→ Task item:
Set the records down again in full, exactly as they are, apart from the images.

--- Source material ---

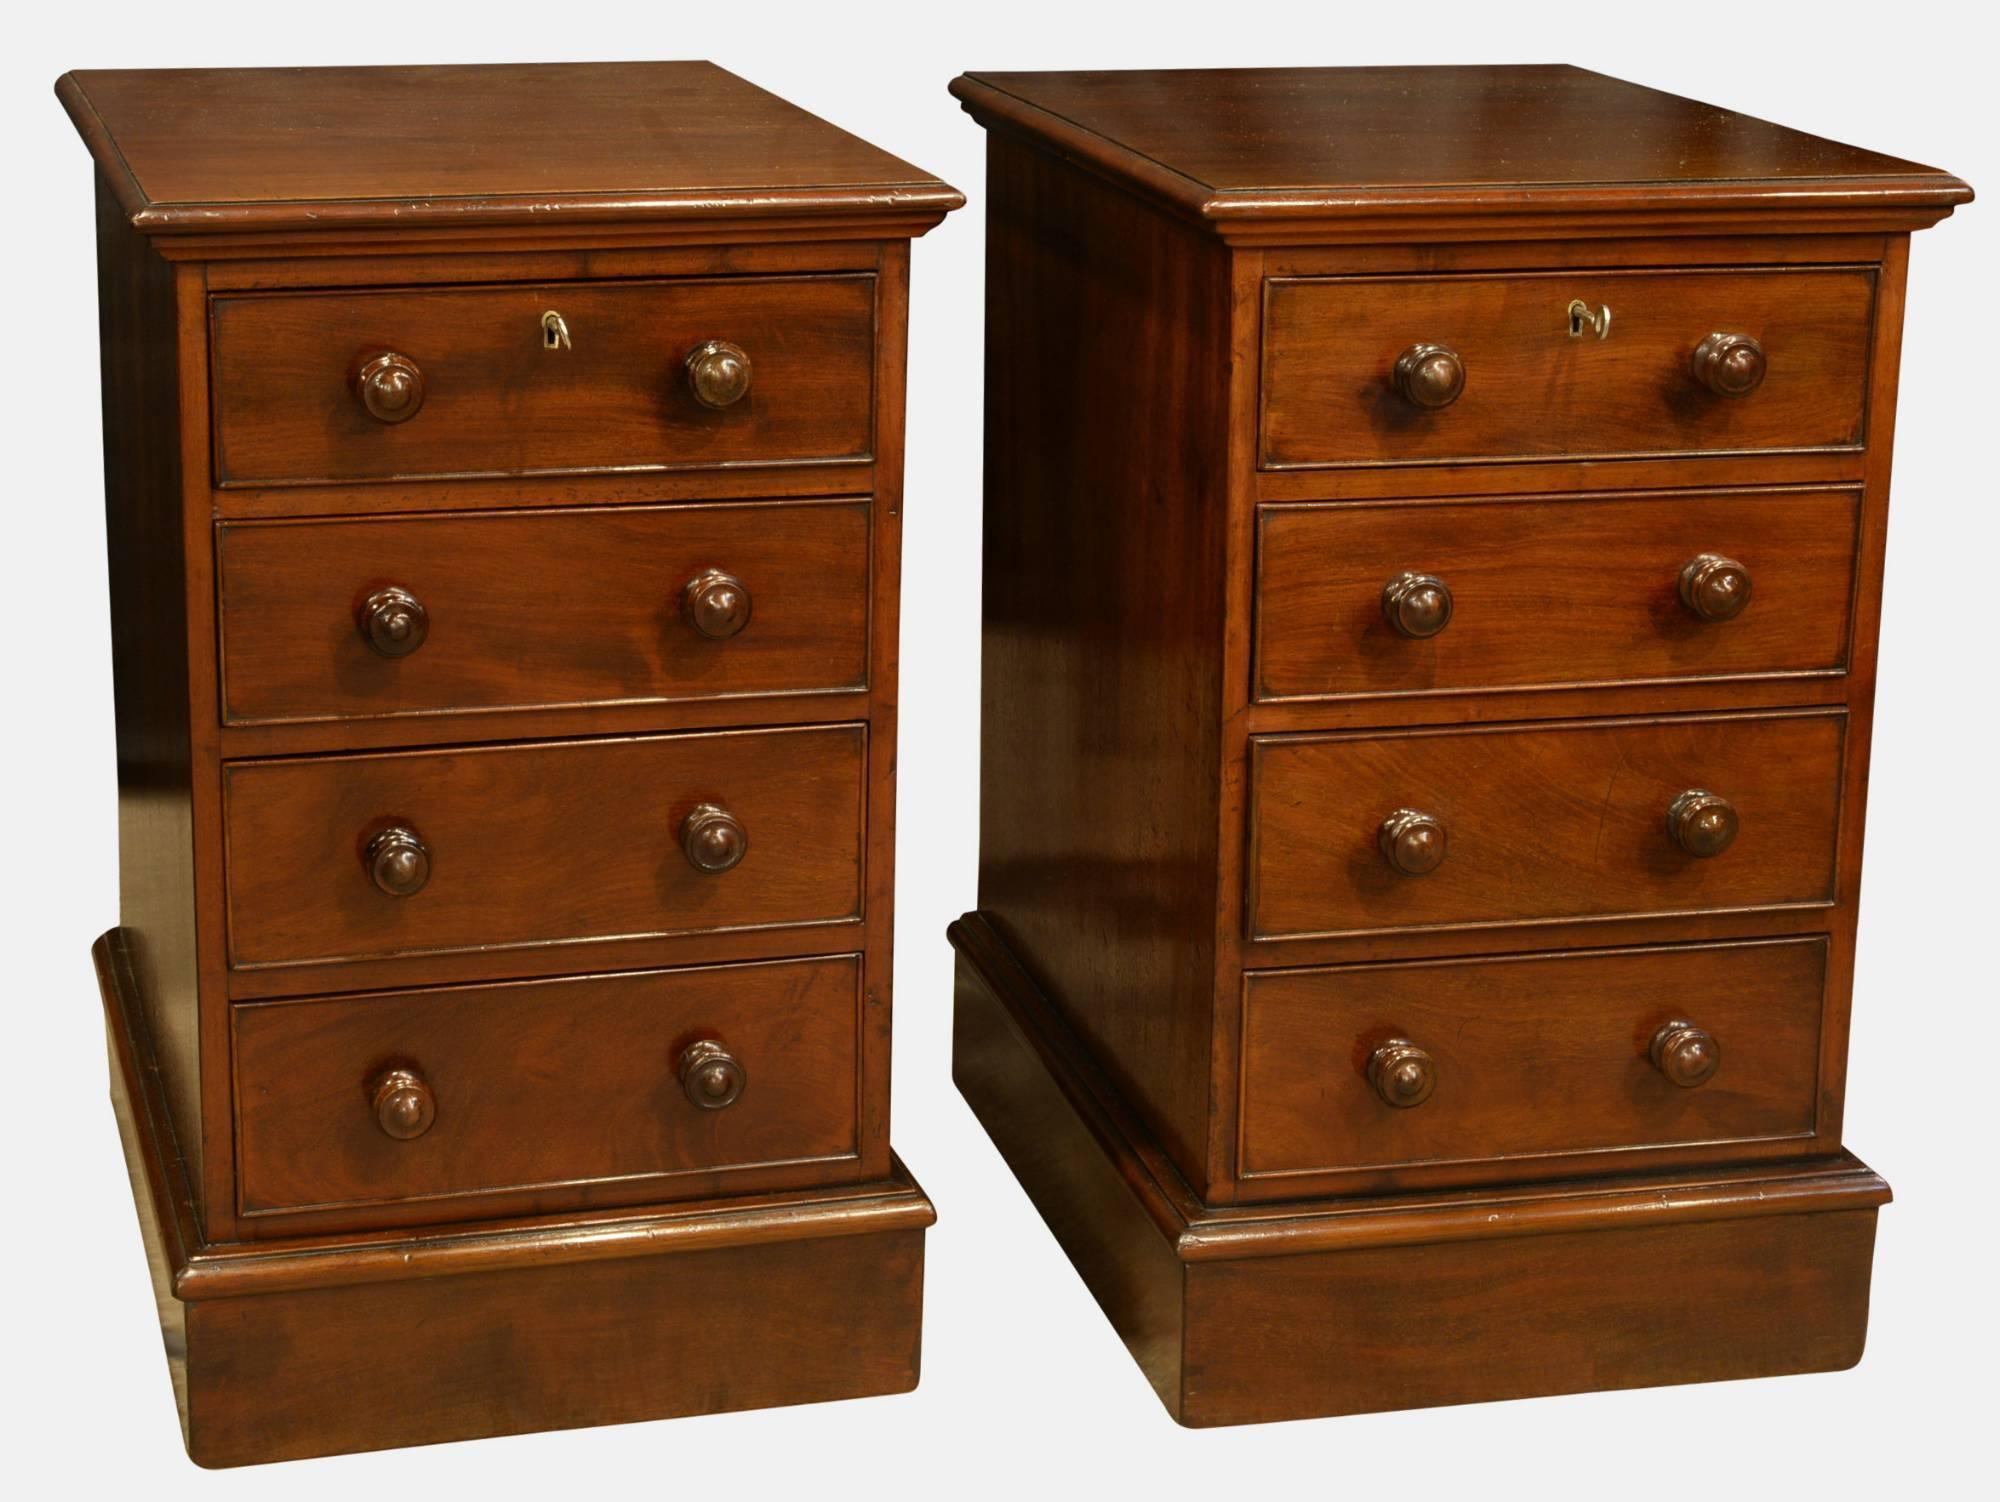 Pair of early Victorian mahogany bedside chests,

circa 1860s.
  
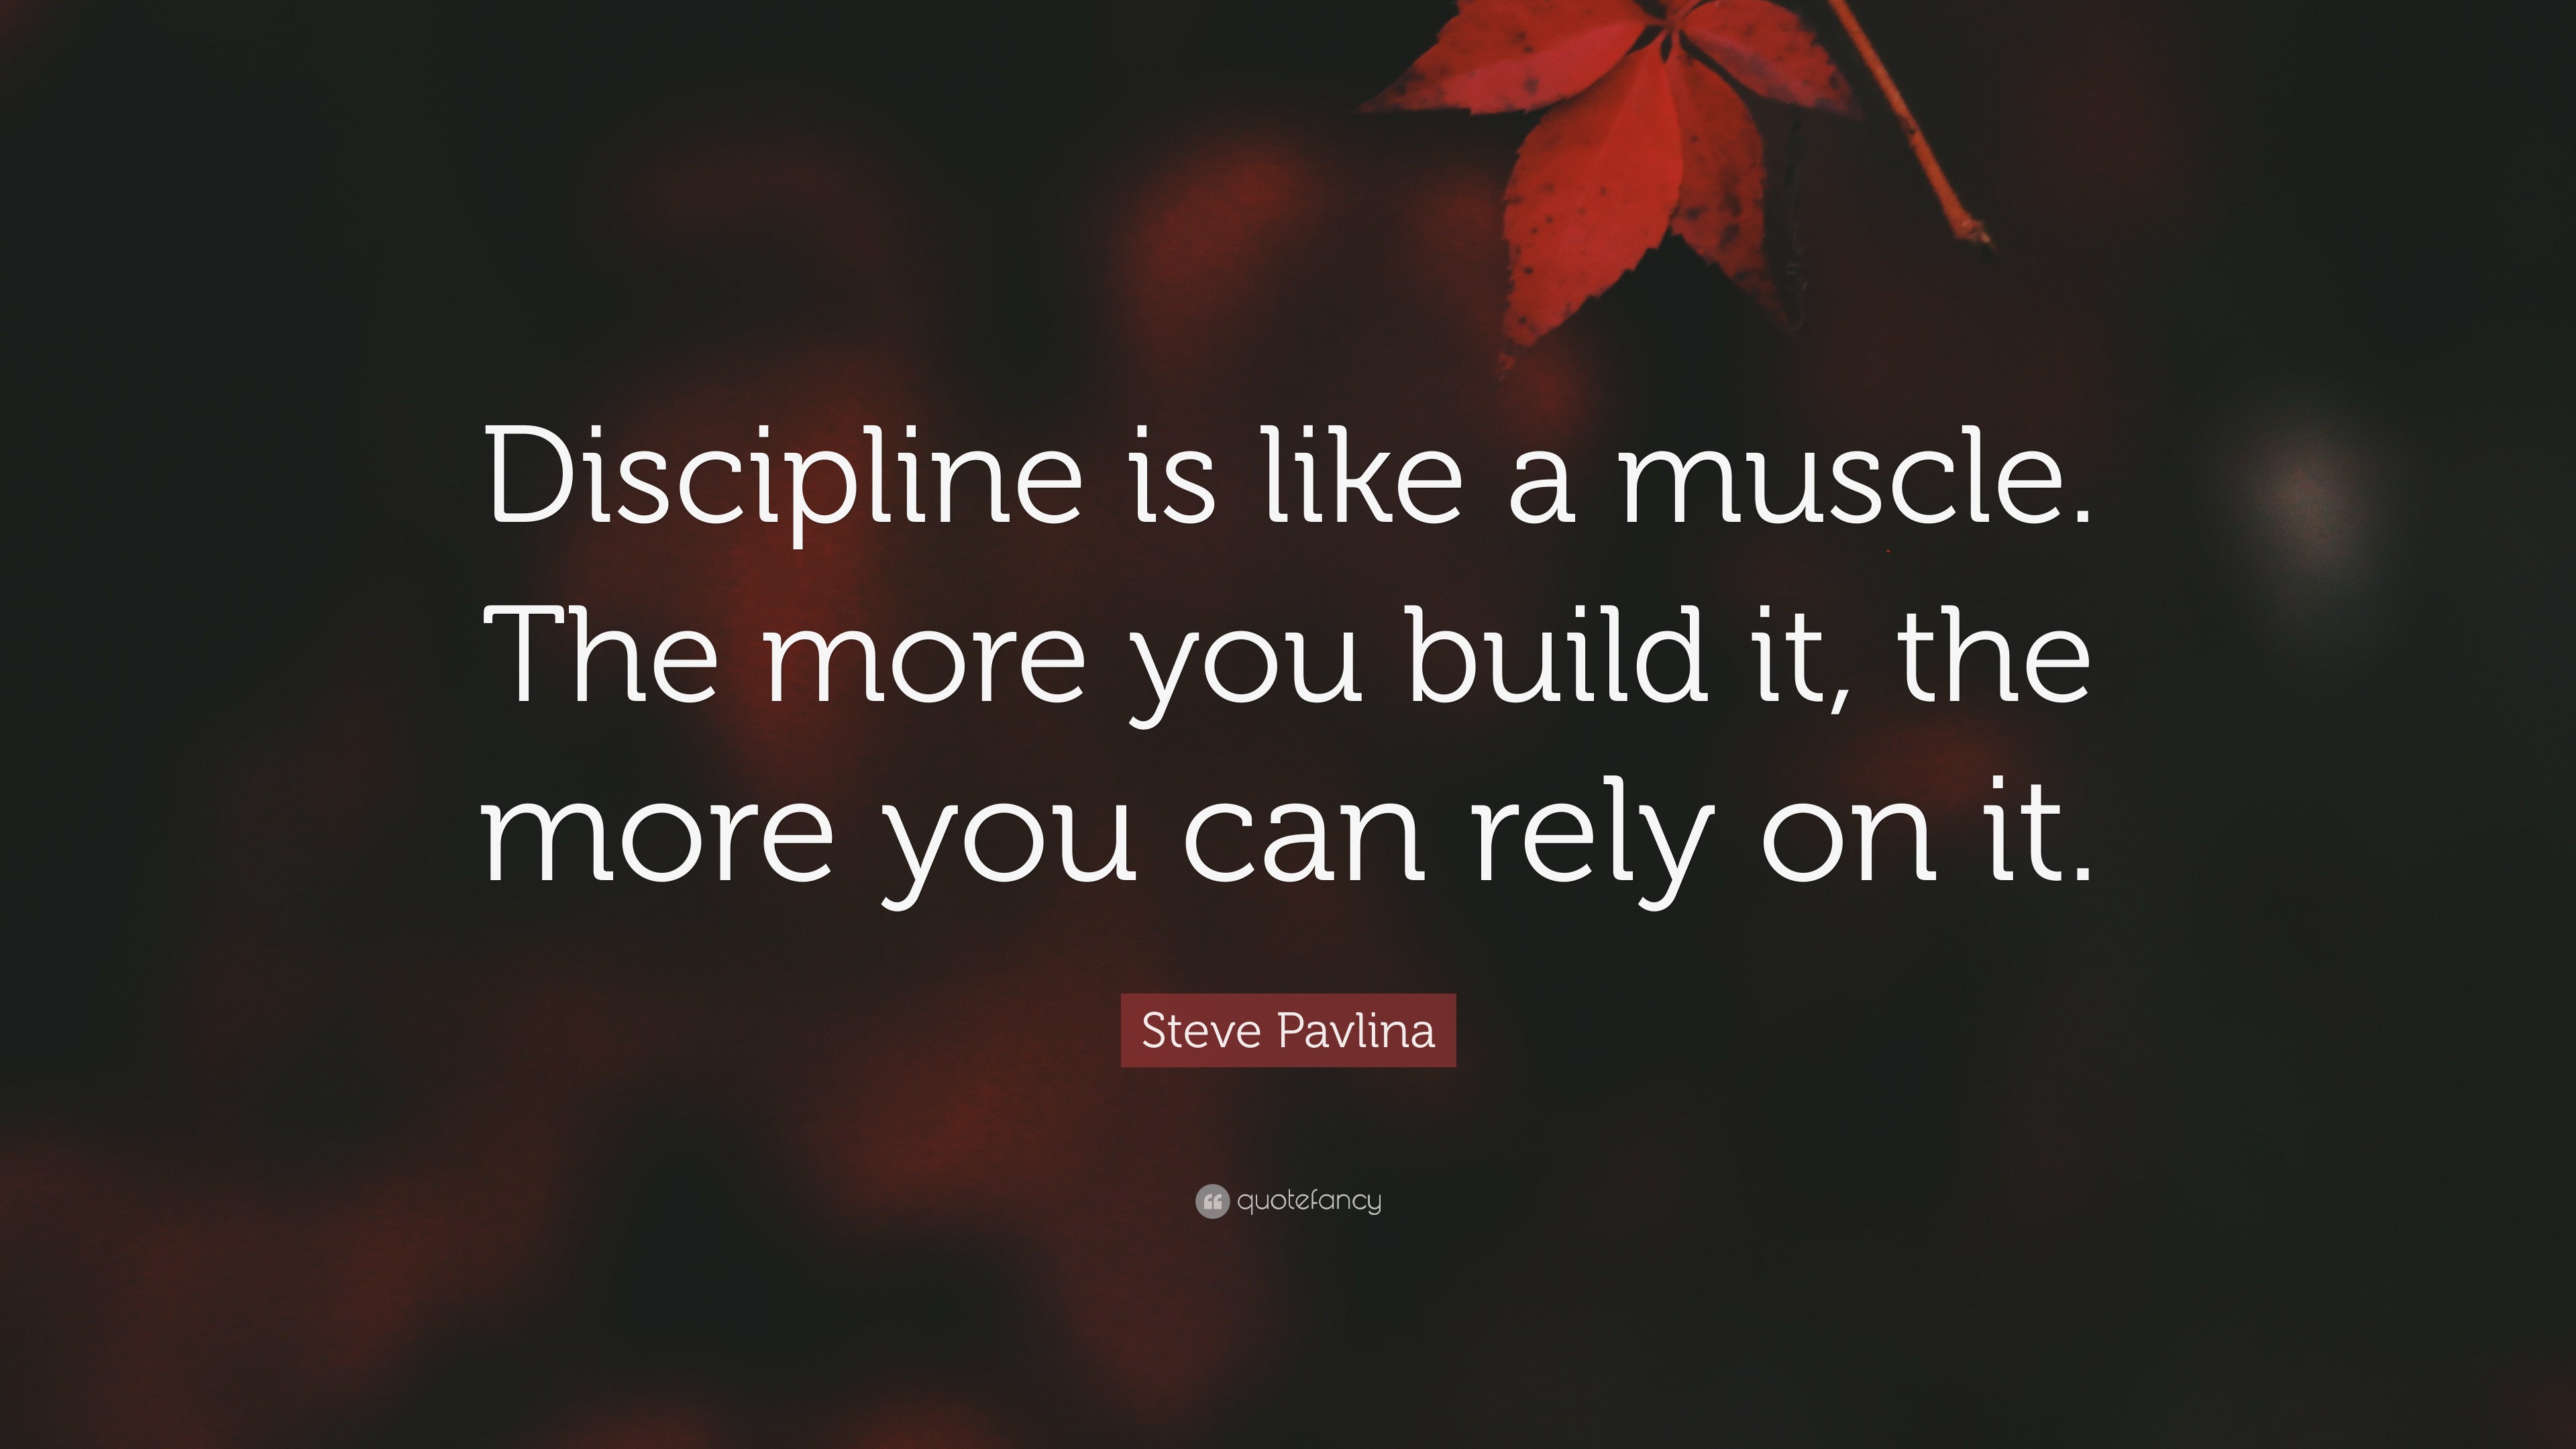 Steve Pavlina Quote: “Discipline is like a muscle. The more you build ...
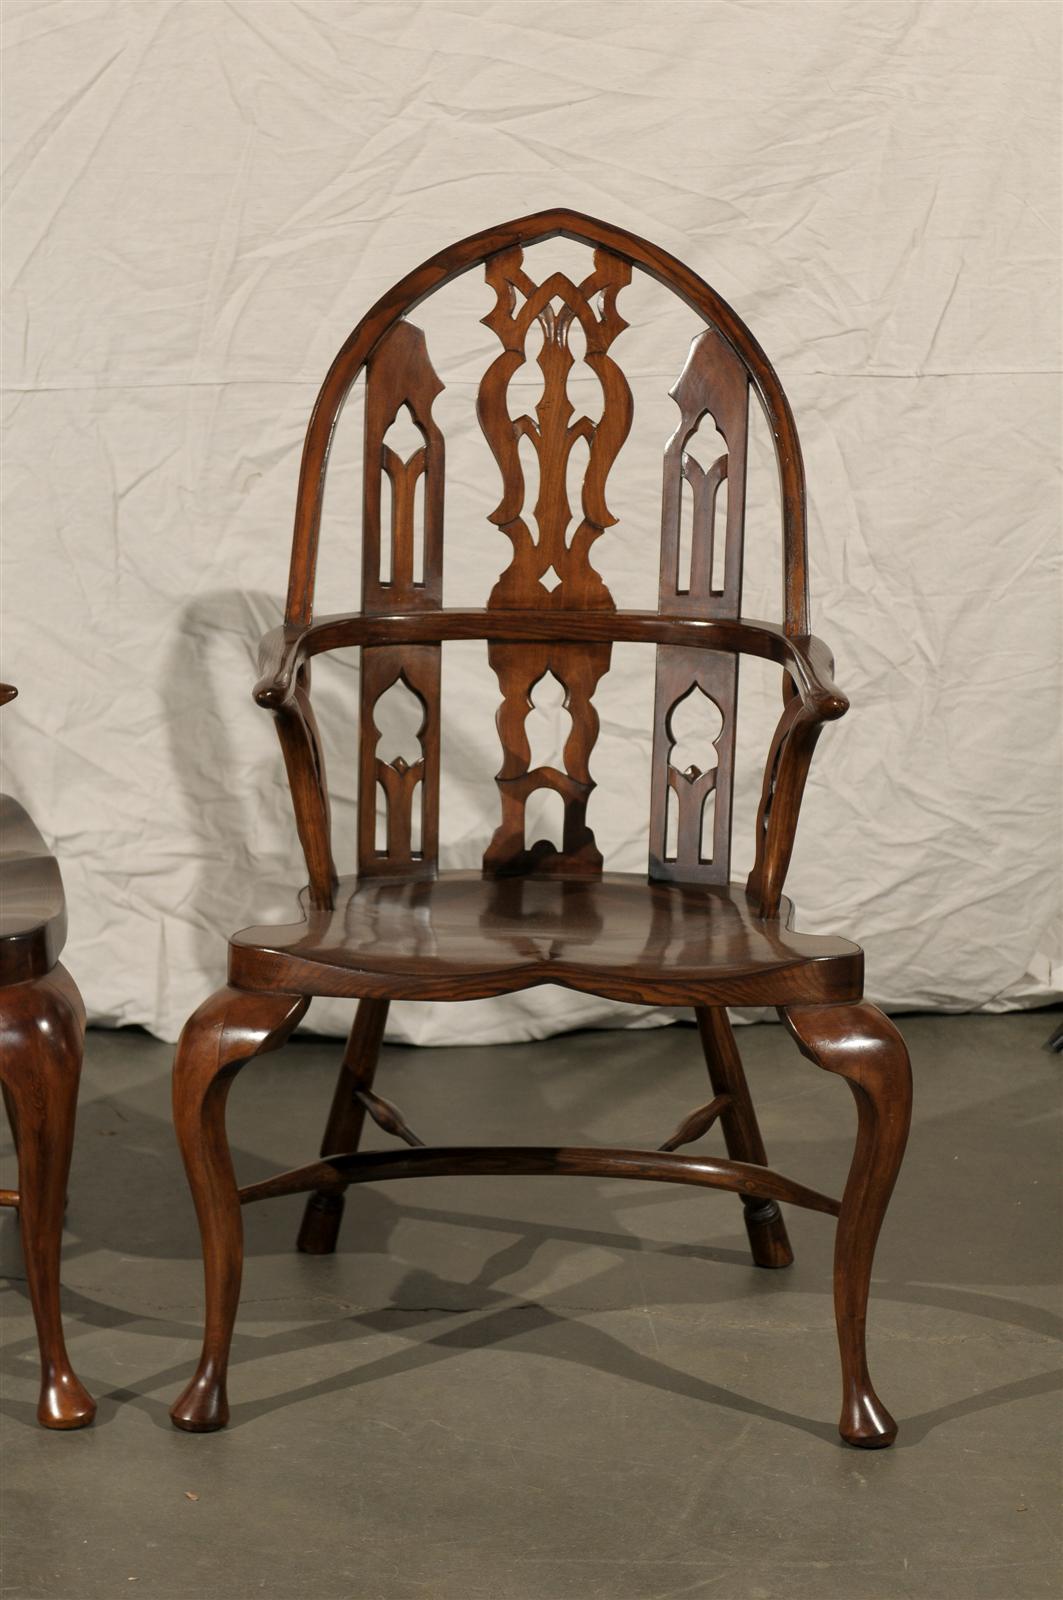 Pair of 20th century Gothic style Windsor armchairs
Measures: 27.5

---

→ Response for this exercise:
 Pair of early Victorian mahogany bedside chests,

circa 1860s.
  
 Steve Pavlina Quote: “Discipline is like a muscle. The more you build ...
 Pair of 20th century Gothic style Windsor armchairs
Measures: 27.5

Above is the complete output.